Non mi restava per il momento che Anna Rosa, la compagnia ch’ella voleva le tenessi durante la sua infermità. Se ne stava a letto, col piede fasciato; e diceva che non se ne sarebbe alzata piú, se, come ancora i medici temevano, fosse rimasta zoppa. Il pallore e il languore della lunga degenza le avevano conferito una grazia nuova, in contrasto con quella di prima. La luce degli occhi le si era fatta piú intensa, quasi cupa. Diceva di non poter dormire. L'odore dei suoi capelli densi, neri, un pò ricciuti e aridi, quando la mattina se li trovava sciolti e arruffati sul guanciale, la soffocava. Se non era per il ribrezzo delle mani d'un parrucchiere sul suo capo, se li sarebbe fatti tagliare. Mi domandò, una mattina, se io non avrei saputo tagliarglieli. Rise del mio imbarazzo nel risponderle, poi si tirò sul viso la rimboccatura del lenzuolo e rimase cosí un gran pezzo col viso nascosto, in silenzio. Sotto le coperte s'indovinavano procaci le formosità del suo corpo di vergine matura. Sapevo da Dida che ella aveva già venticinque anni. Certo, standosene cosí col viso nascosto pensava ch’io non avrei potuto fare a meno di guardare il suo corpo come si disegnava sotto le coperte. Mi tentava. Nella penombra della cameretta rosea in disordine, il silenzio pareva consapevole dell'attesa vana d'una vita che i desideri momentanei di quella bizzarra creatura non avrebbero potuto mai far nascere né consistere in qualche modo. Avevo indovinato in lei l'insofferenza assoluta d'ogni cosa che accennasse a durare e stabilirsi. Tutto ciò che faceva, ogni desiderio o pensiero che le sorgevano per un momento, un momento dopo erano già come lontanissimi da lei; e se le avveniva di sentirsene ancora trattenuta, erano smanie rabbiose, scatti d'ira e perfino scomposte escandescenze.

Solo del suo corpo pareva si compiacesse sempre, per quanto a volte non se ne mostrasse per nulla contenta, anzi dicesse di odiarselo. Ma se lo stava a mirare continuamente allo specchio, in ogni parte o tratto; a provarne tutti gli atteggiamenti, tutte le espressioni di cui i suoi occhi cosí intensi lucidi e vivaci, le sue narici frementi, la sua bocca rossa sdegnosa, la mandibola mobilissima, potevano essere capaci. Cosí, come per un gusto d'attrice; non perché pensasse che per sé, nella vita, potessero servirle se non per giuoco: per un giuoco momentaneo di civetteria o provocazione.

Una mattina le vidi provare e studiare a lungo nello specchietto a mano che teneva con sé sul letto un sorriso pietoso e tenero, pur con un brillío negli occhi di malizia quasi puerile. Vedermelo poi rifare tal quale, quel sorriso, vivo, proprio come se le nascesse or ora spontaneo per me, mi provocò un moto di ribellione. Le dissi che non ero il suo specchio. Ma non s’offese. Mi domandò se quel sorriso, come ora gliel'avevo visto, era

quello stesso che lei s’era veduto e studiato nello specchio dianzi. Le risposi, seccato di quell'insistenza: «Che vuole che ne sappia io? Non posso mica sapere come lei se l'è veduto. Si faccia fare una fotografia con quel sorriso. «Ce l'ho,» mi disse. «Una, grande. Là nel cassetto di sotto dell'armadio. Me la prenda, per favore.» Quel cassetto era pieno di sue fotografie. Me ne mostrò tante, di antiche e di recenti. «Tutte morte,» le dissi. Si voltò di scatto a guardarmi. «Morte?»

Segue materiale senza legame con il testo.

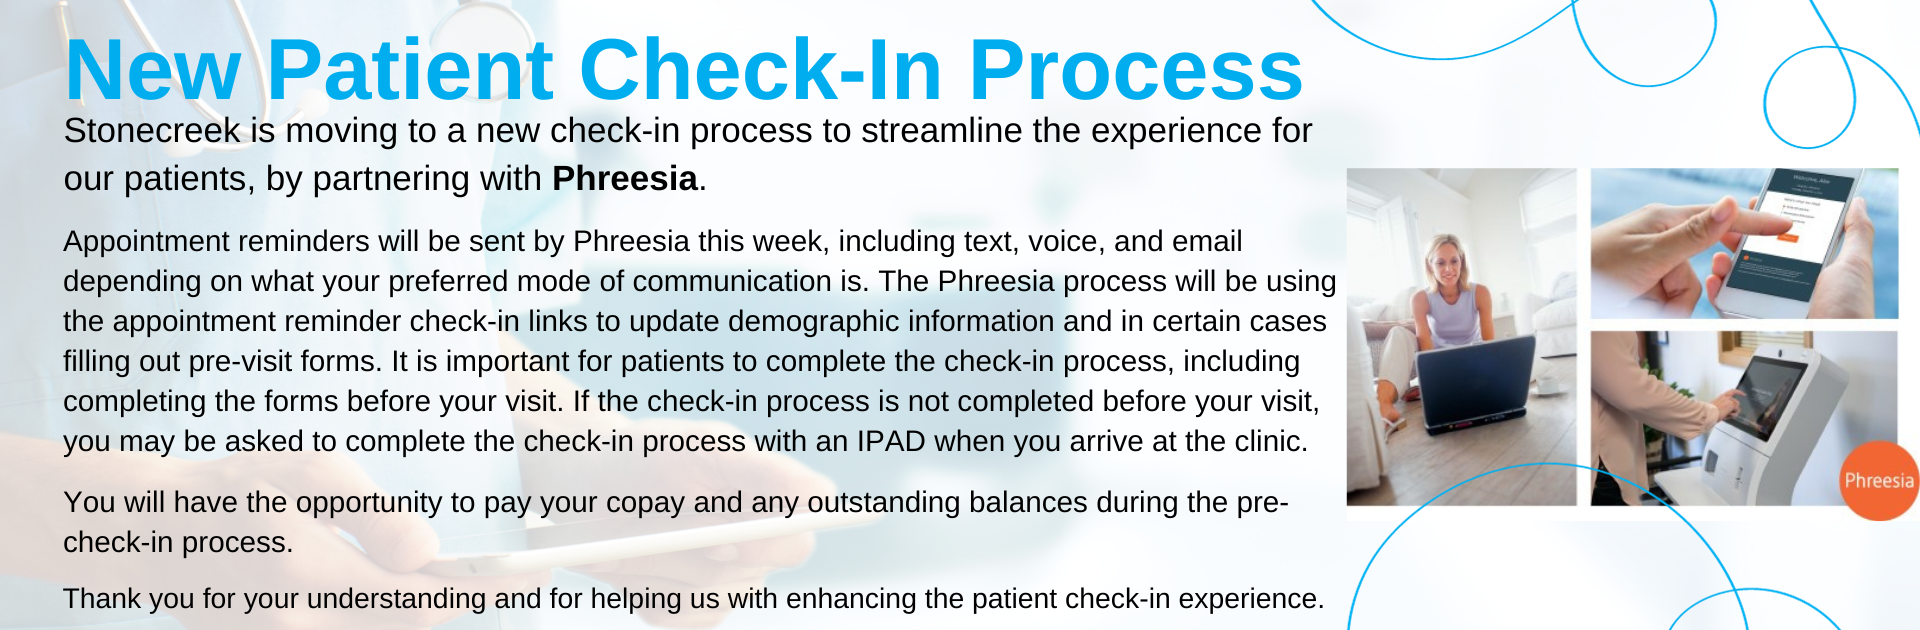 New Patient Check-In Process

«Per quanto vogliano parer vive.»

«Anche questa col sorriso?»

«E codesta, pensierosa; e codesta, con gli occhi bassi.»

«Ma come morta, se sono qua viva?»

«Ah, lei sí; perché ora non si vede. Ma quando sta davanti allo specchio, nell'attimo che si rimira, lei non è piú.»

«E perché?»

«Perché bisogna che lei fermi un attimo in sé la vita, per vedersi. Come davanti a una macchina fotografica. Lei s’atteggia. E atteggiarsi è come diventare statua per un momento. La vita si muove di continuo, e non può mai veramente vedere se stessa»

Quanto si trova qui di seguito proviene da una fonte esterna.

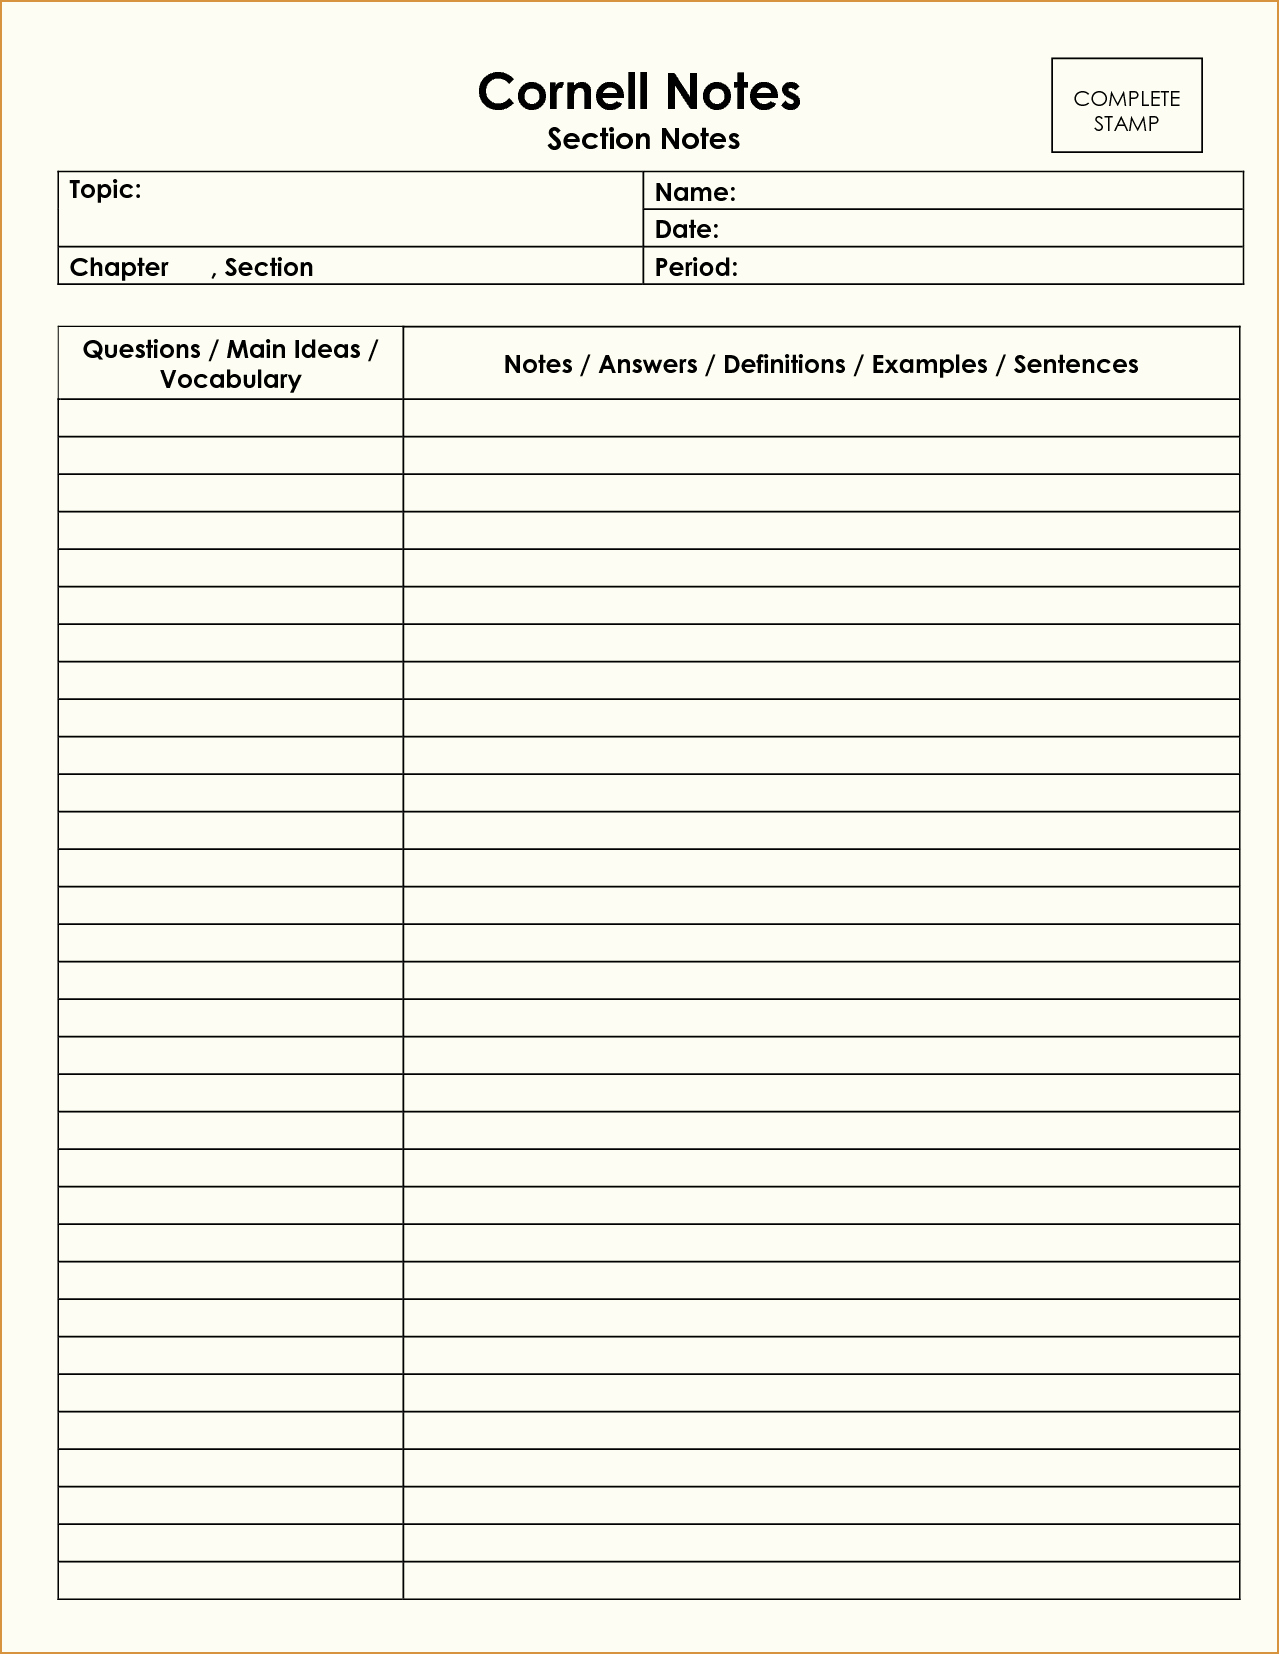 Cornell Note Template Word Luxury Cornell Notes Template Word Doc Enote

«E allora io, viva, non mi sono mai veduta?»

«Mai, come posso vederla io. Ma io vedo un'immagine di lei che è mia soltanto; non è certo la sua. Lei la sua, viva, avrà forse potuto intravederla appena in qualche fotografia

istantanea che le avranno fatta. Ma ne avrà certo provato un'ingrata sorpresa. Avrà fors’anche stentato a riconoscersi, lí scomposta, in movimento.»

«È vero.»

«Lei non può conoscersi che atteggiata: statua: non viva. Quando uno vive, vive e non si vede. Conoscersi è morire. Lei sta tanto a mirarsi in codesto specchio, in tutti gli specchi, perché non vive; non sa, non può o non vuol vivere. Vuole troppo conoscersi, e non vive.»

«Ma nient'affatto! Non riesco anzi a tenermi mai ferma un momento, io.»

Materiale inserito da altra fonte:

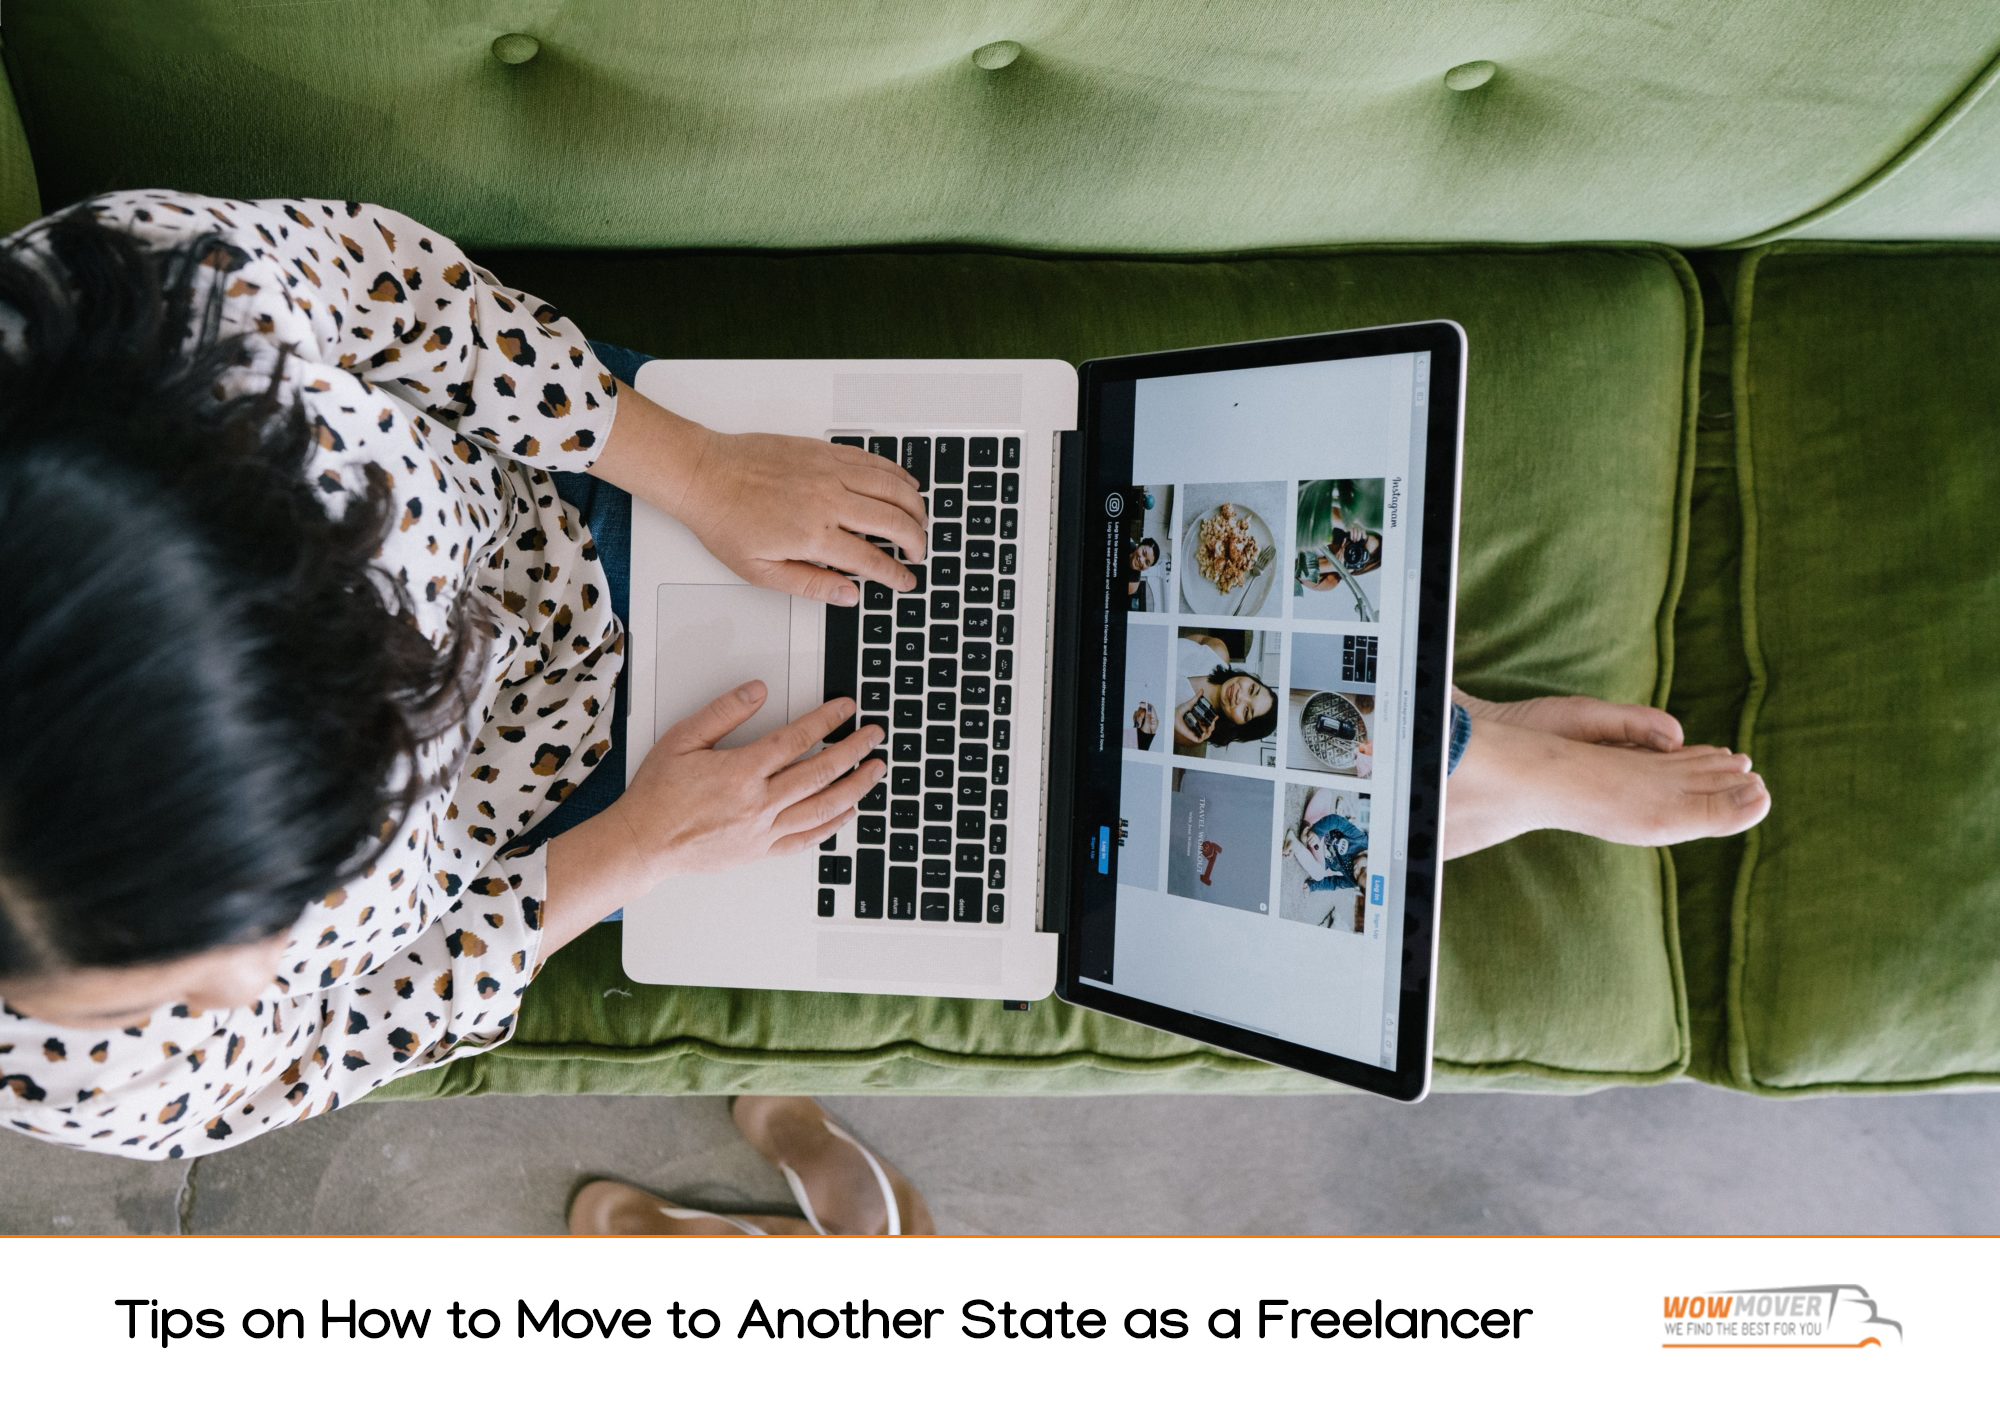 Tips on How to Move to Another State as a Freelancer

«Ma vuole vedersi sempre. In ogni atto della sua vita. E come se avesse davanti, sempre, l’immagine di sé, in ogni atto, in ogni mossa. E la sua insofferenza proviene forse da questo. Lei non vuole che il suo sentimento sia cieco. Lo obbliga ad aprir gli occhi e a vedersi in uno specchio che gli mette sempre davanti. E il sentimento, subito come si vede le si gela. Non si può vivere davanti a uno specchio. Procuri di non vedersi mai. Perché, tanto, non riuscirà mai a conoscersi per come la vedono gli altri. E allora che vale che si conosca solo per sé? Le può avvenire di non comprendere piú perché lei debba avere quell'immagine che lo specchio le ridà.

Rimase a lungo con gli occhi fissi a pensare. Sono certo che anche a lei, come a me, dopo quel discorso e dopo quanto le avevo già detto di tutto il tormento del mio spirito, s’aprí davanti in quel momento sconfinata, e tanto piú spaventosa quanto piú lucida, la visione dell'irrimediabile nostra solitudine. L'apparenza d'ogni oggetto vi s’isolava paurosamente. E forse ella non vide piú la ragione di portare la sua faccia, se in quella solitudine neanche lei avrebbe potuto vedersela viva, mentre gli altri da fuori, isolandola, chi sa come gliela vedevano.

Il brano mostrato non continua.